Bouffier: Es gibt noch weitere Beispiele: Die geforderte willkürliche Besserstellung von tarifgebundenen Betrieben ist verfassungsrechtlich nicht machbar. Das ist die Abkehr vom Modell der Tarifpartnerschaft. Der Staat darf nicht vorschreiben, dass eine tarifliche Bindung steuerlich belohnt wird.

Hier entsteht ein Wettbewerbsnachteil für kleinere Betriebe. Auch das Recht auf Home Office ist absurd.

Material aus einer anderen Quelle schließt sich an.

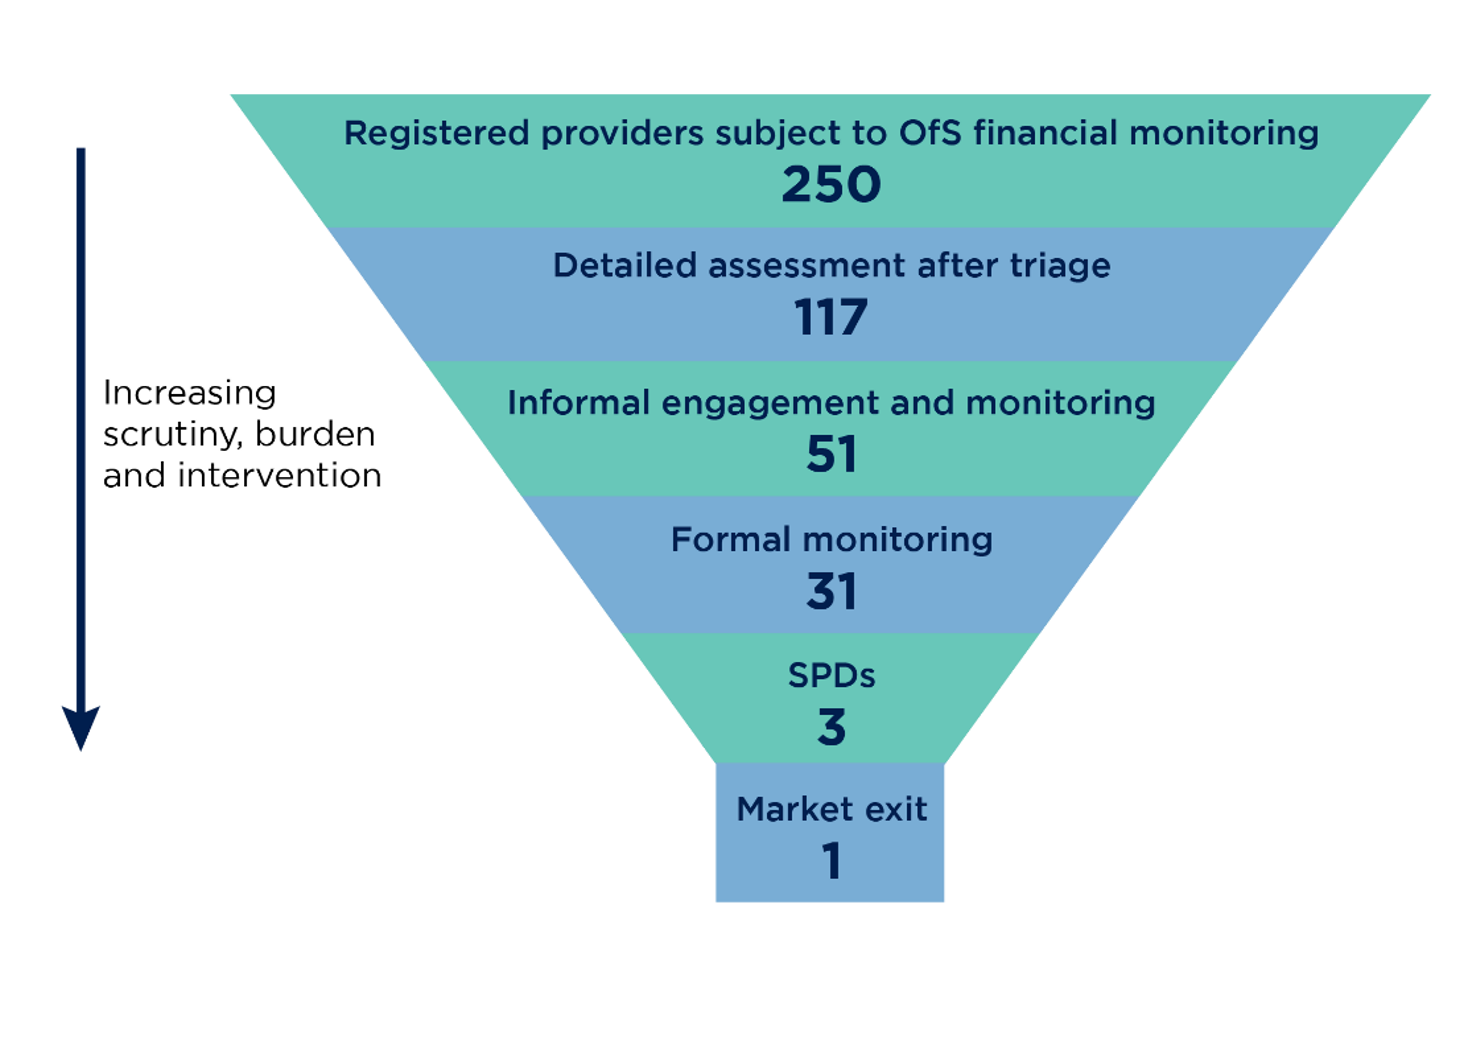 This is a funnel diagram that shows the numbers of providers at each stage of the financial sustainability monitoring process, based on the annual financial return for 2021. At each stage in the funnel, providers are subjected to increased scrutiny, burden and intervention.

Was sollen Verkäuferinnen und Handwerker davon halten? Sie können kein Recht auf Home Office haben. Dieser Vorschlag ist ein Bürokratie-Ungetüm, weil es jede Menge Ausnahmen geben muss. Das ist eine klassische Schreibtisch-Idee von Menschen, die keine Verbindung zum Rest der Welt haben.

Warum macht die SPD das jetzt?

Bouffier: Sie will sich vor den Wahlen in Europa und mehreren Bundesländern als Schutzmacht der kleinen Leute positionieren. Aber mit dem Programm hilft sie den kleinen Leuten schon gar nicht. Die SPD will mehr Bürokratie, mehr Staat und Steuererhöhungen. Da macht die Union nicht mit. Die Sozialdemokraten haben keinen Kompass mehr.

Was bedeutet dieser Linksschwenk für die Arbeit in der Koalition?

Bouffier: Ich hatte bisher den Eindruck, dass die wesentlichen Personen der SPD sich der Koalition verpflichtet fühlen. Auf der anderen Seite kann man nahezu täglich lesen, wie häufig in der SPD nach dem Austritt aus der Koalition gerufen wird. Dieses Dauerthema erhöht sicher nicht die Attraktivität der Partei.

Wie regierungsfähig ist der Koalitionspartner noch?

Bouffier: Die SPD versucht zweigleisig zu fahren: Regieren mit gleichzeitiger Was-wäre-wenn-Strategie. Diese Rechnung wird nicht aufgehen. Die SPD kann nicht Verantwortung in der Bundesregierung übernehmen und zugleich täglich Vorschläge machen, die in dieser Koalition nicht zu machen sind. So entzaubert sich die SPD vollends.

Gibt es am Ende des Jahres noch die große Koalition?

Bouffier: Ich vermute ja. Nach den Europa- und Landtagswahlen wird sich die SPD im Herbst sortieren. Ob dabei Frau Nahles die richtige SPD-Vorsitzende hat, muss die Partei selbst beantworten.

SPD-Chefin Andrea Nahles.
SPD-Chefin Andrea Nahles. © dpa | Thomas Frey

Und was halten Sie von Andrea Nahles?

Bouffier: Ich habe sie als harte, verlässliche Verhandlungspartnerin kennengelernt. Wie es um das Innenleben der SPD bestellt ist, dafür fehlt mir der Einblick.

Ihr Appell an die SPD?

Bouffier: Das ganze Land nimmt Schaden, wenn der eine Regierungspartner sich von der Grundlinie des Koalitionsvertrags absetzt und in eine andere Richtung rennen will. Der harte Linkskurs wird der SPD nicht nützen.